Lead is a dangerous chemical that poses a significant health risk to adults and children.
Lead is not only found in paint but various spots throughout the home.
Drinking water, old furniture, dishware, and cosmetics all contain lead.
Lead is useful in certain scenarios, such as car batteries and industrial cable sheathing, but having the chemical element in your home can be risky. Lead exposure can lead to lead poisoning, which makes your family members seriously ill and is particularly nasty to children. According to the Centers for Disease Control, childhood lead exposure causes damage to the brain and nervous system, slowed developmental growth, and speech problems. In other words, your home should be 100% free from lead in all its forms, but this is trickier than you think.
Many common household items include hidden sources of lead, leading to lead exposure over time. Here are some of the biggest offenders you must take care of ASAP, whether by yourself or hiring a local lead abatement contractor.
If your home and plumbing pipes come from before 1986, your drinking water is a potential source of lead exposure. For decades, plumbers and homebuilders practiced lead-based plumbing due to the substance's malleability and low melting point. You can't taste, smell, or see lead in your drinking water and—even worse—boiling the water doesn't solve the problem.
What to Do
There are many steps to avoid lead in your water supply, so don’t fret. Contact a lead risk assessor, your local health department, or a local water supply authority for testing information. Local water authorities must test the water supply for lead every year, and some of the results are accessible via this U.S. Environmental Protection Agency safe drinking water database. Also, drink cold tap water instead of warm water, as the latter leaches lead from the plumbing. If all else fails, call up your local plumber for some individualized testing and, if necessary, pipe replacements.
Old Toys, Furniture, and Appliances
Your antique rocking chair from Aunt Ruth? Your favorite wooden dump truck you inherited from good ol' Dad? Or the antique doll furniture you're hoping to pass on to your daughter one day? Yup, it could all be covered in lead-based paint. Lead paint adds durability, so manufacturers heavily relied on the substance until health risks came to light. Lead shows up in old toys, old furniture items, and even some appliances.
What to Do
If you suspect an item in your home contains lead, throw it out. If the item holds sentimental value, test it before throwing it out. As for newly manufactured items, the U.S. Consumer Product Safety Commission maintains a safe products database, including those recalled for lead. All told, there are many ways to find lead-safe companies.
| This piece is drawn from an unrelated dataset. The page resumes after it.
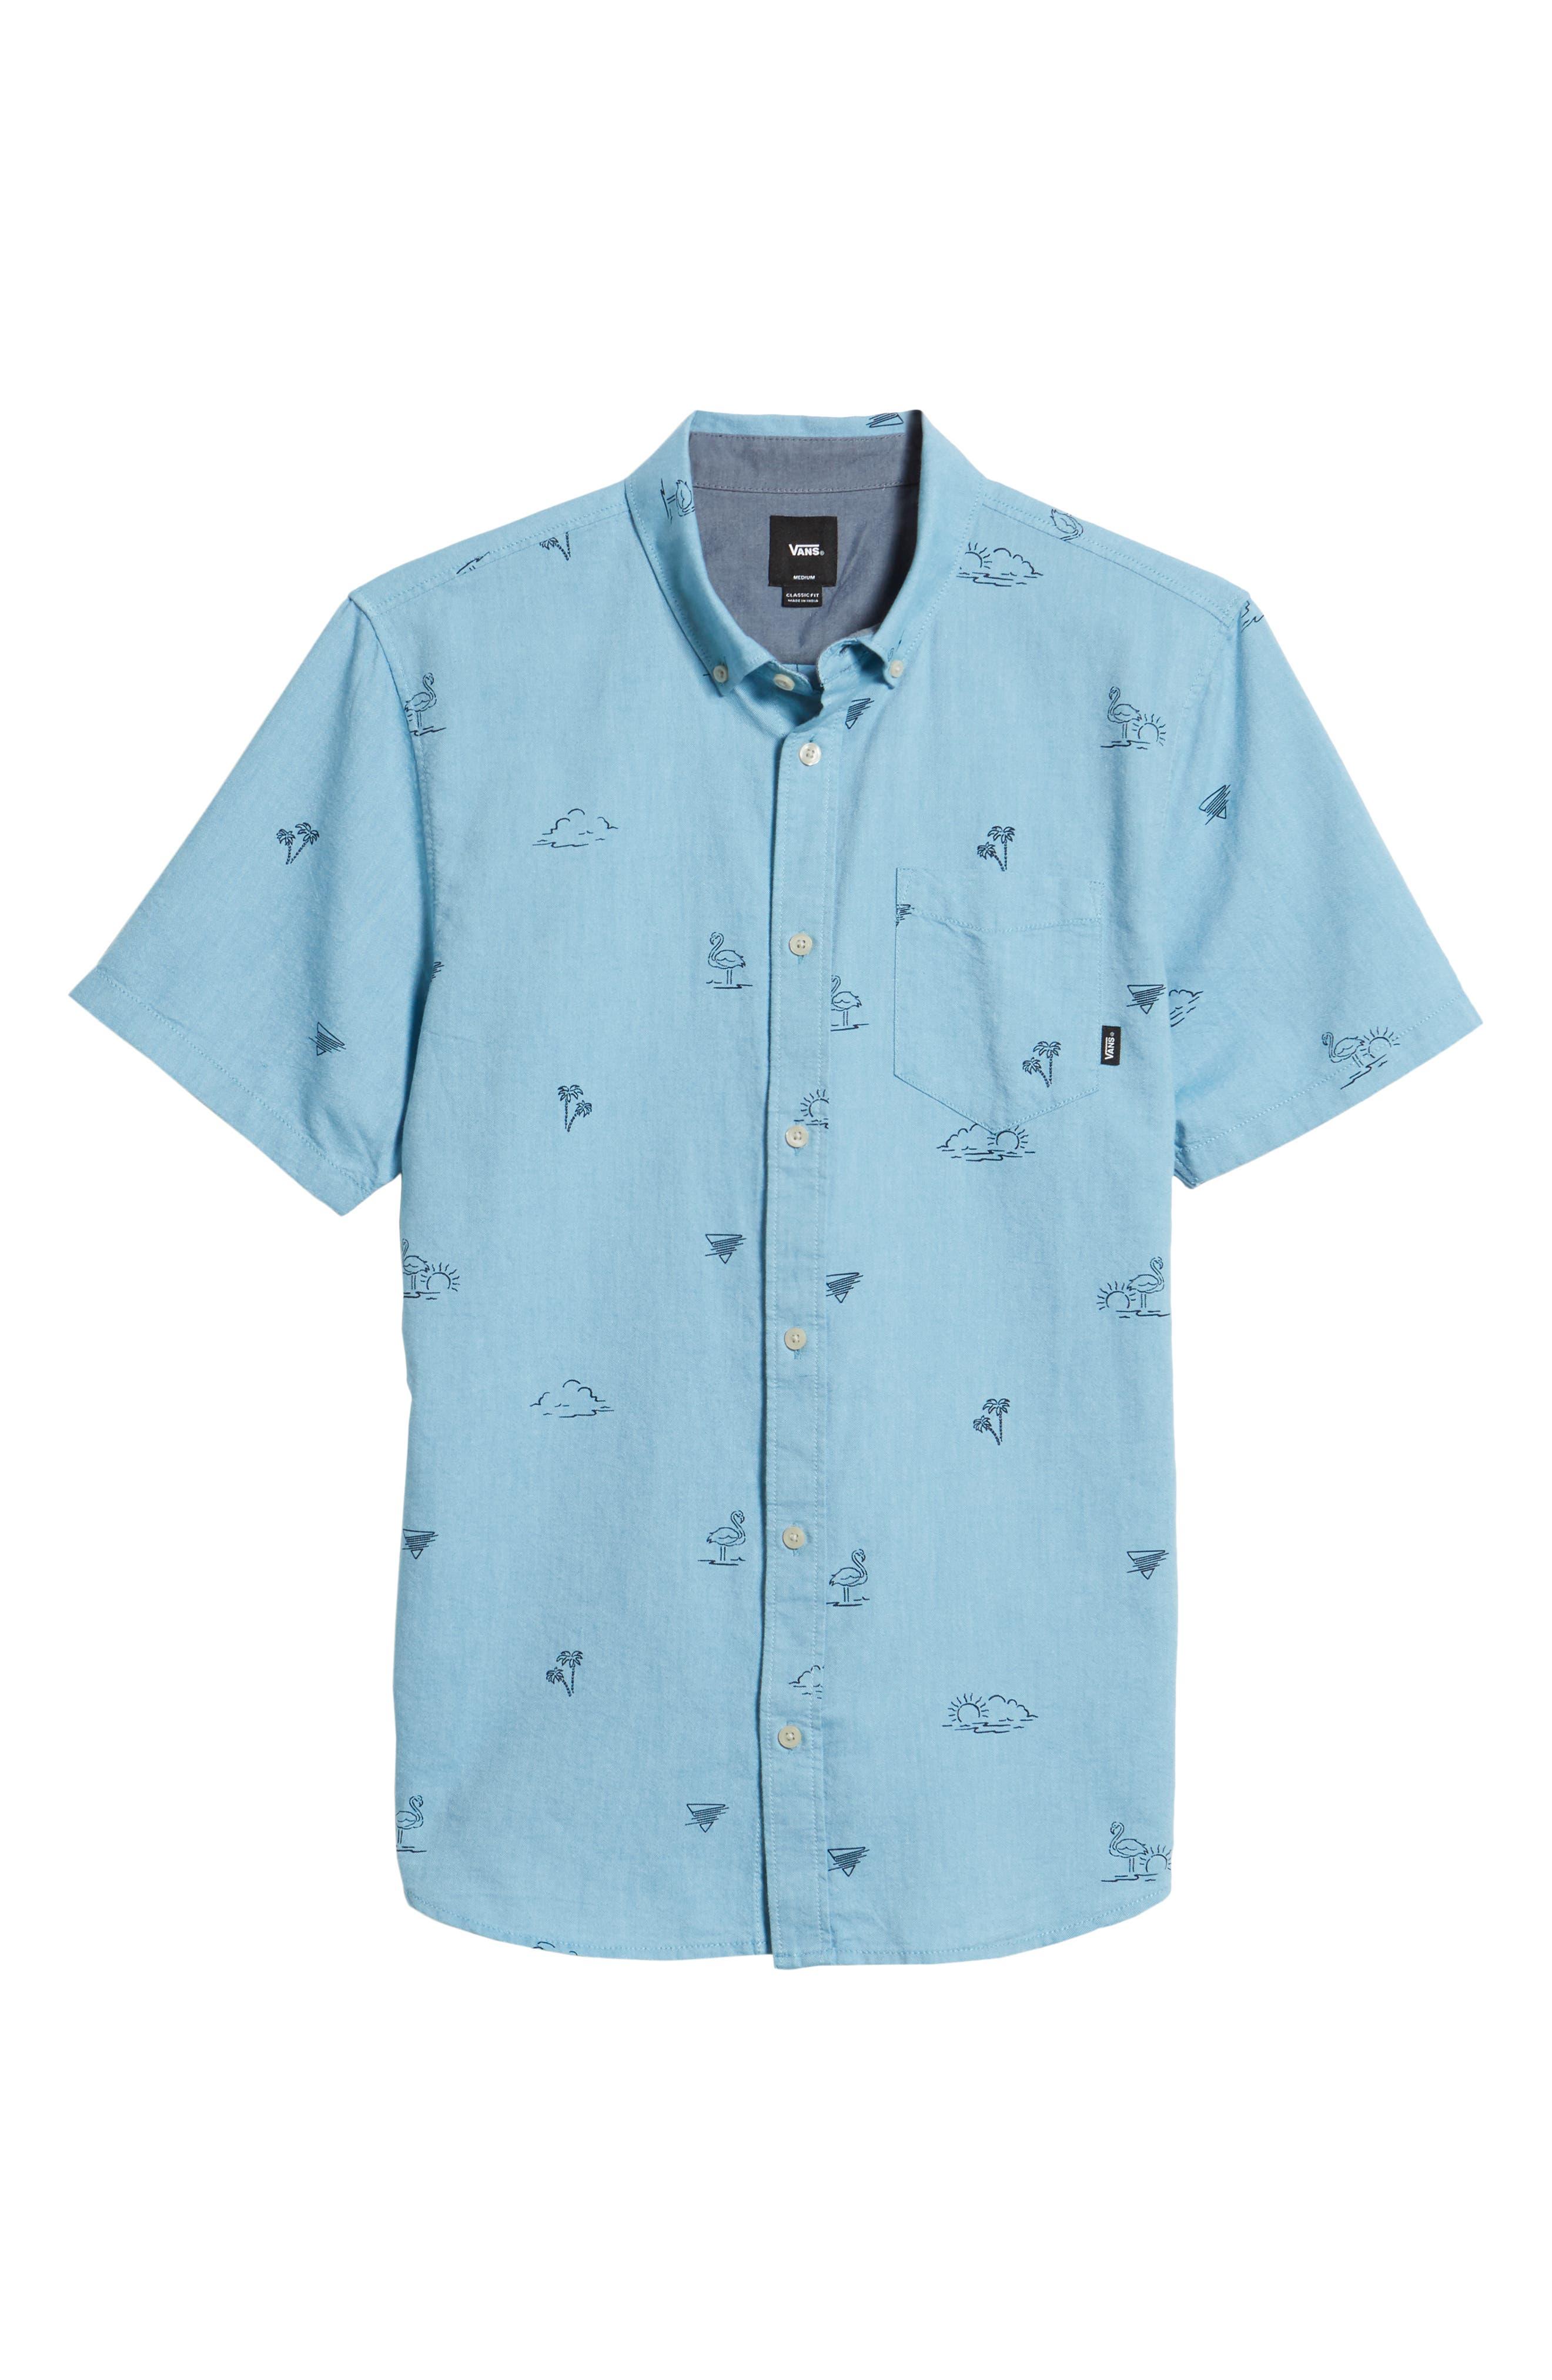 Houser Woven Shirt,                             Alternate thumbnail 6, color,                             Blue Moon Road Trippin

Unfortunately, some manufacturers still use lead to paint dishware for added durability. Lead paint on the dishes we eat from? No, thanks. This practice isn’t geographically tied to any specific location since disreputable manufacturers throughout the globe rely on the hazardous chemical. Of course, the same holds true for vintage dishware.
What to Do
Buy dishware certified as “lead-free” and not merely “lead-safe.” The former indicates a complete absence of lead, while the latter means there could be some lead but is within federal recommendations. You can also use one of many commercially available lead-testing kits for dishes. Just swab the plate and find out, though these tests only give a simple yes/no response and nothing regarding the amount of lead. To be safe, trash the dishware once it tests positive.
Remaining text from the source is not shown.